Kezia Royer Burkett is a creative freelance writer with a degree in communications and multimedia from McMaster University. When she is not writing she is finding inspiration living life, raising her son and spending time with friends and family.
Priscilla Muzira is a local hero in both Wellington and Waterloo.
The Cambridge resident, originally from Zimbabwe, earned a degree in Sociology at the University of Guelph, then studied Addictions and Community Services at Everest College. While attending Everest, Priscilla volunteered at HIV/AIDS Resources and Community Health (ARCH) in Guelph, and then had a student placement with the agency.
After graduation she was hired to work at both ARCH and the AIDS Committee of Cambridge, Kitchener, Waterloo and Area (ACCKWA), spending one day each week at ARCH and the remaining four days with ACCKWA.
Priscilla is the African and Caribbean Community Coordinator for these agencies. “My role is to support people living with HIV and to reduce the stigma that they experience within and outside of their own communities. I work with community partners and with service users,” she explains.
She finds it surprising – maybe even a little puzzling – that so many people are uneducated about HIV. Much has changed since people first became aware of HIV and AIDS in the 1980s. As Priscilla says: “Now we have good medications and people are living lives of normal length. It’s not a death sentence any more. But it is still taboo in many communities, especially Black communities. Because of that stigma, people feel they can’t talk about their HIV status and can’t get support from their communities.”
Fighting this lack of information is a major part of Priscilla’s work. She works with faith leaders from the Black community, asking for opportunities to talk to their community members. “It’s challenging, because many of them do not want to discuss these issues,” she acknowledges.
As well, Priscilla attends community festivals such as Bring on the Sunshine to talk to people and share information. She distributes condoms to Black business owners and encourages them to give them to their customers, and engages with other Black community organizations.
She also works directly with service users, helping to facilitate support groups for people living with HIV, and a woman’s social group, plus one-to-one meetings with people who need that kind of support.

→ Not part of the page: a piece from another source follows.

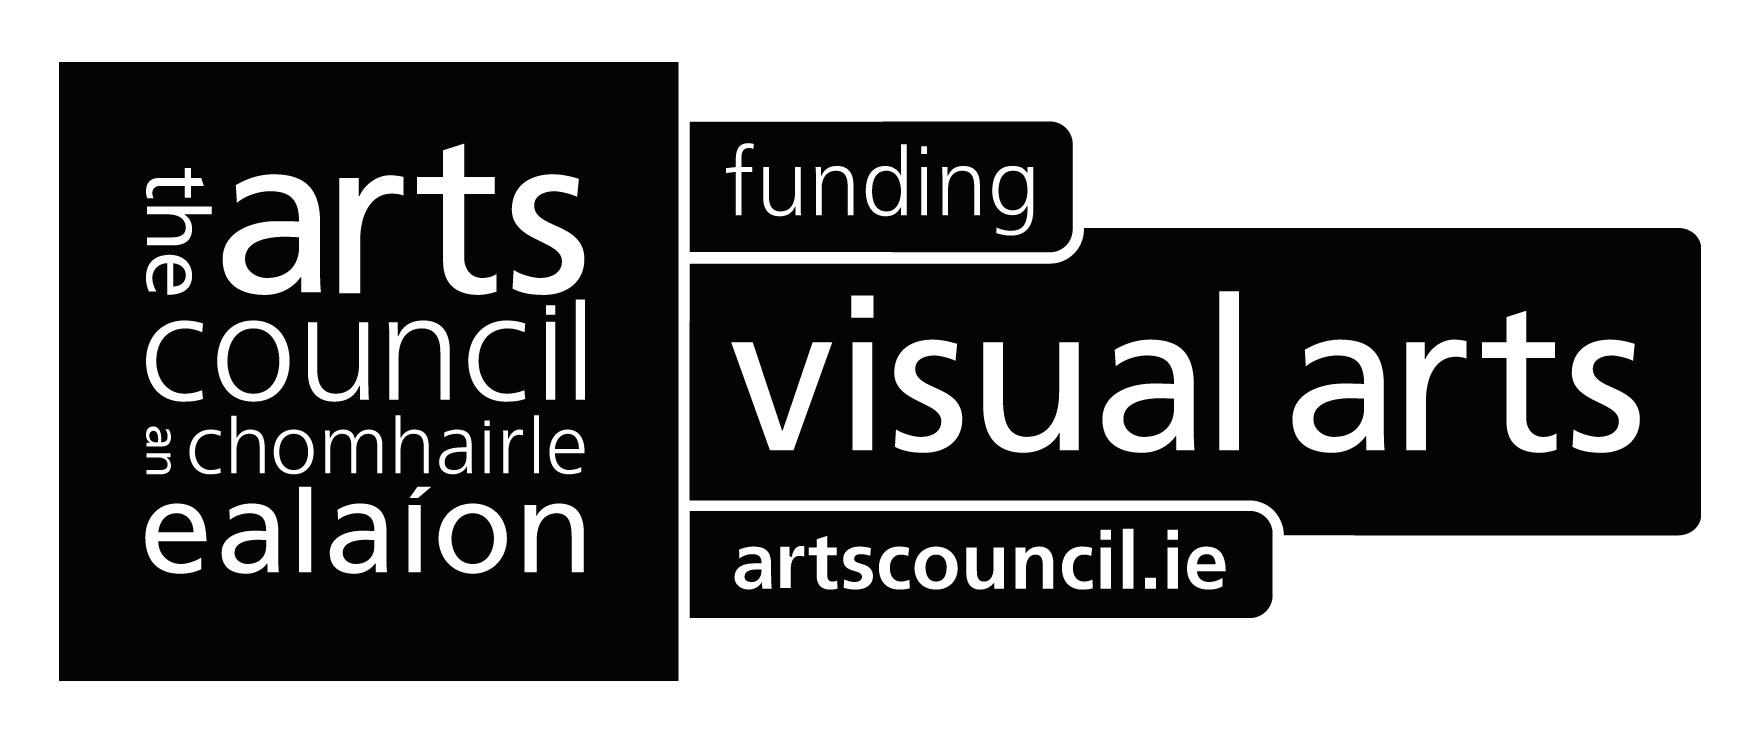 Arts Council of Ireland_logo.jpg
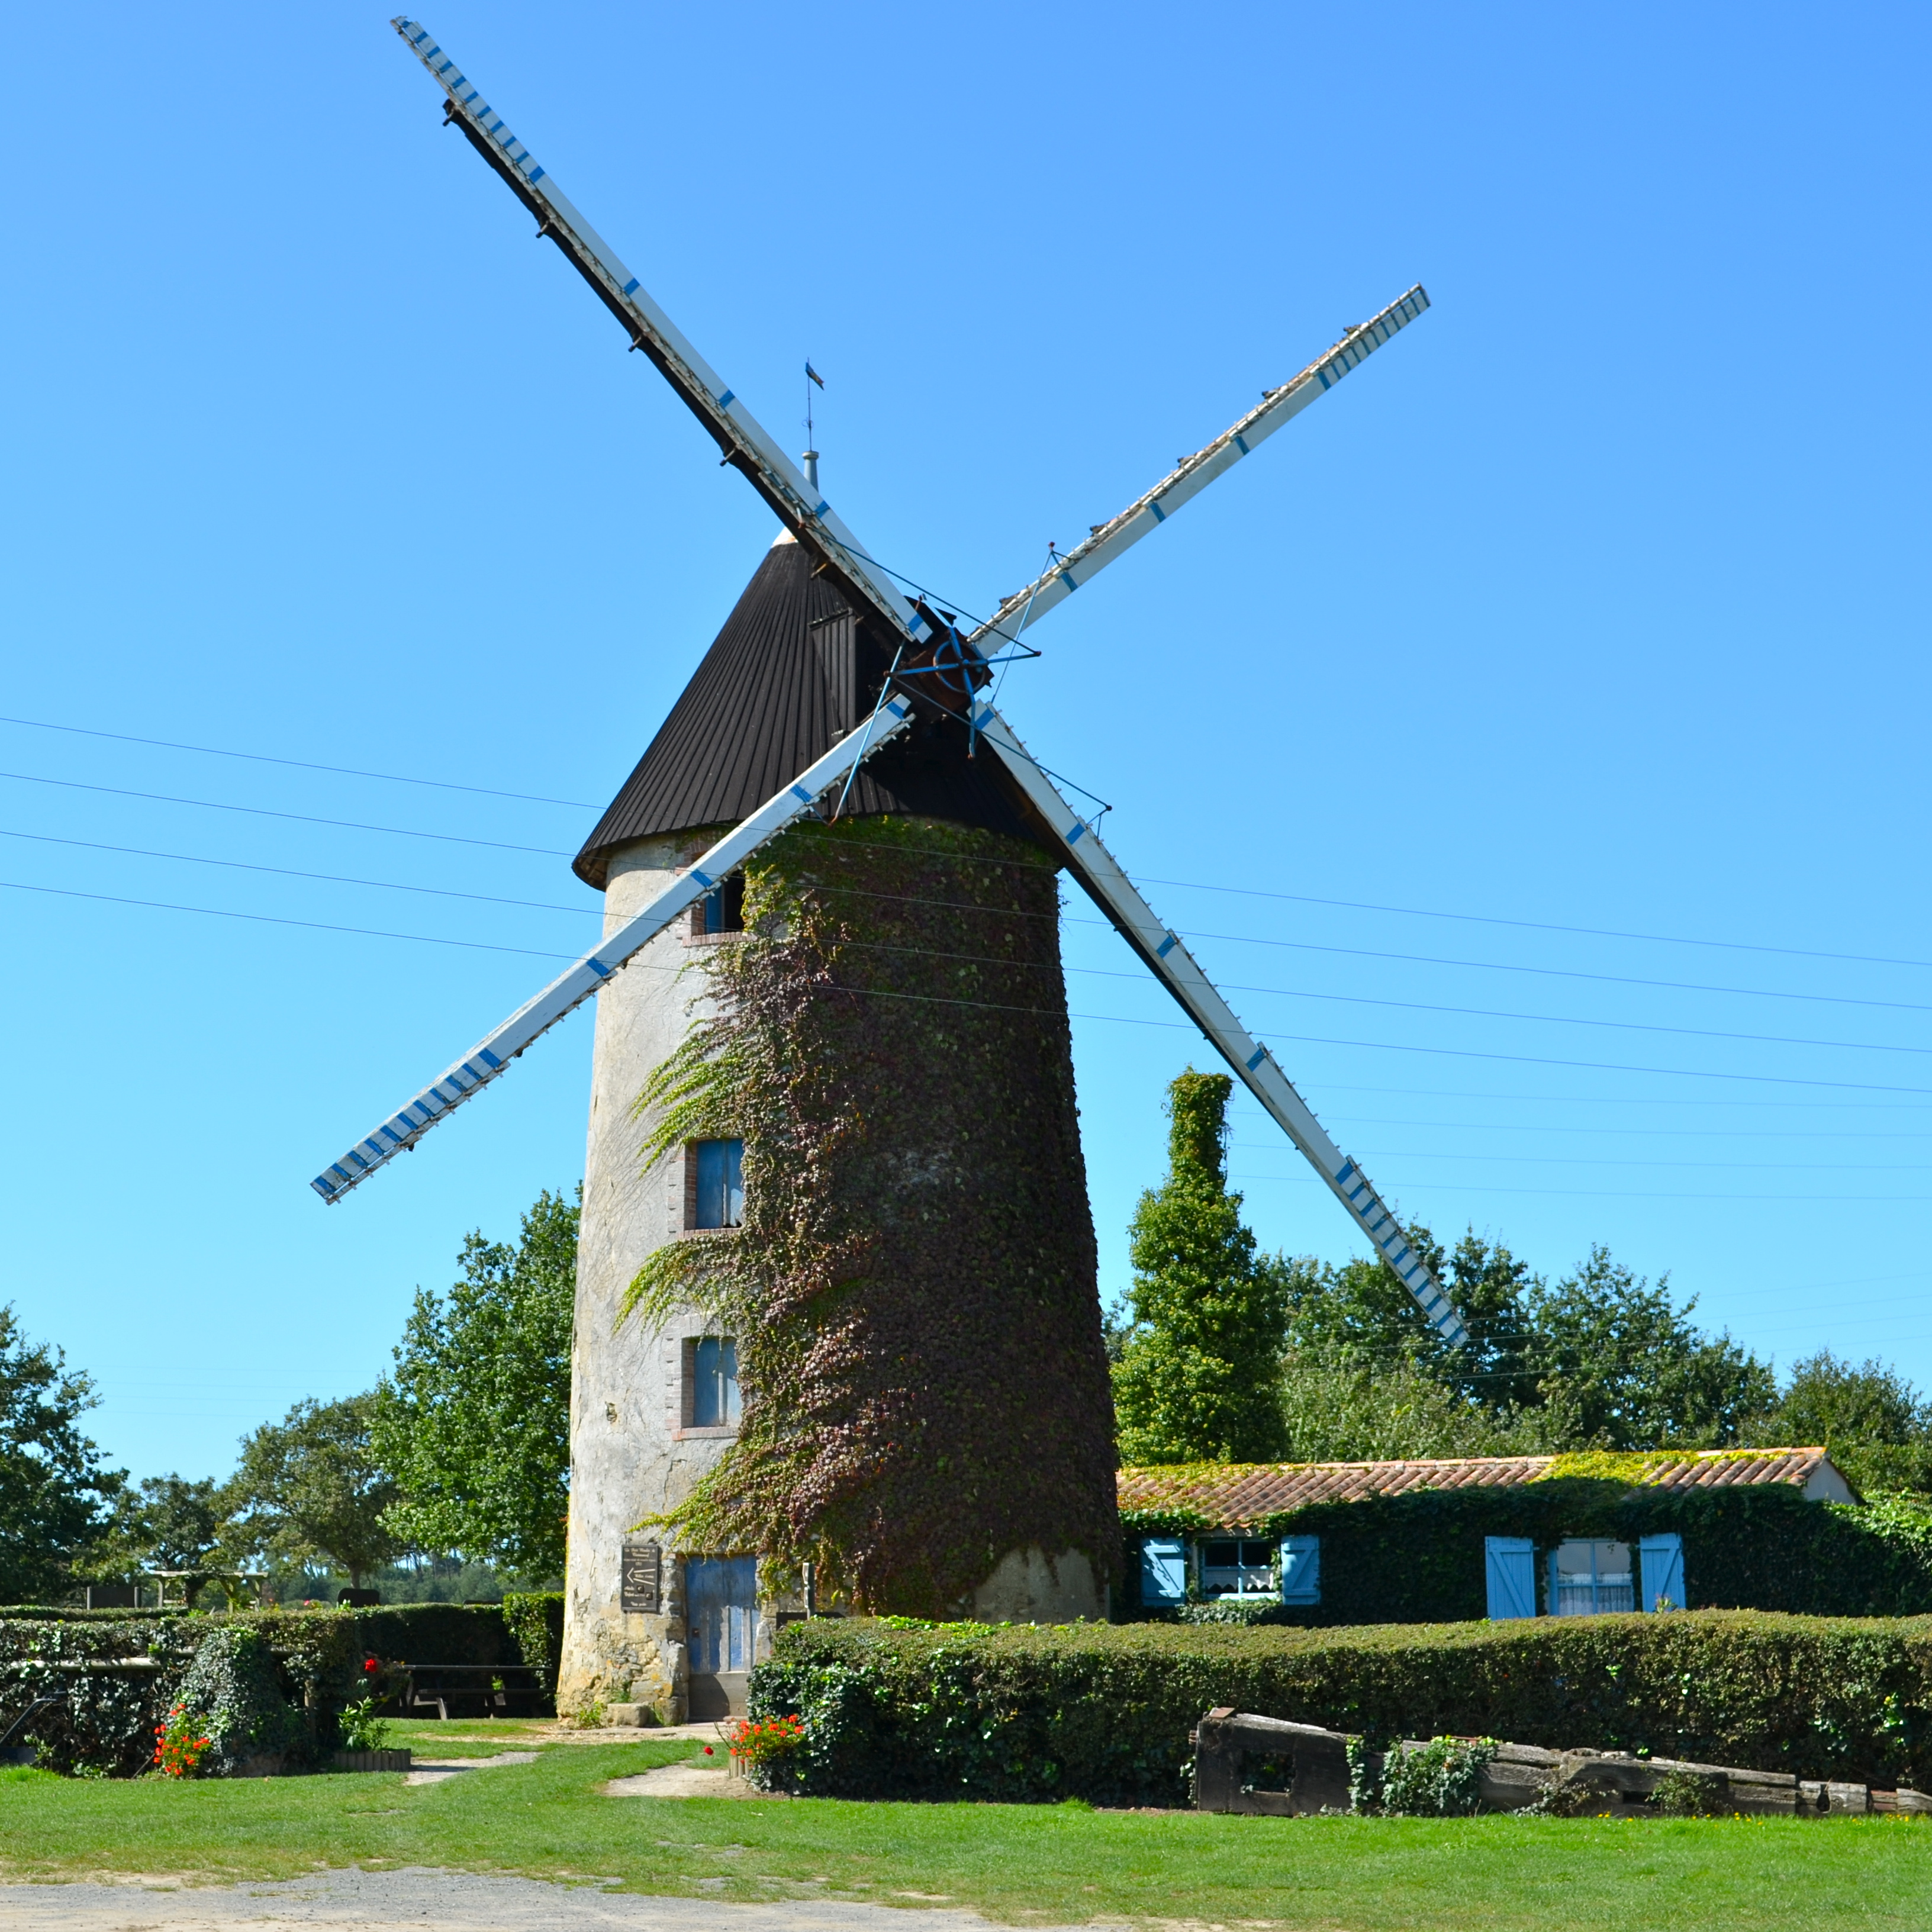 file moulin vent dit le petit moulin chateauneuf vend e jpg wikimedia commons. Black Bedroom Furniture Sets. Home Design Ideas

Despite the challenges, Priscilla will tell you that her work has many rewarding moments. “When I am out speaking in the community, and someone comes to me to ask for more information, or when someone is referred to ACCKWA and we are able to help them get treatment, or when someone calls because they heard I could provide them with condoms – those moments just make my day,” she says.
She adds that sometimes parents fear having their children taken away because of their HIV status, and part of her role is helping them in those situations. “I want people to know that I can be a resource – whether that’s to get condoms, to get information about treatments or for help in dealing with these situations.” In a broader sense, she hopes people will understand that HIV is not something to be scared of, or a reason to shun someone.
“It’s just another chronic disease. It’s manageable. And people with HIV deserve love.”
When she’s not busy at work or out in the community, Priscilla’s favourite thing to do is knit. “I can knit day in and day out,” she says. “I don’t like to go out a lot outside of work because that just seems like a missed opportunity for more knitting.”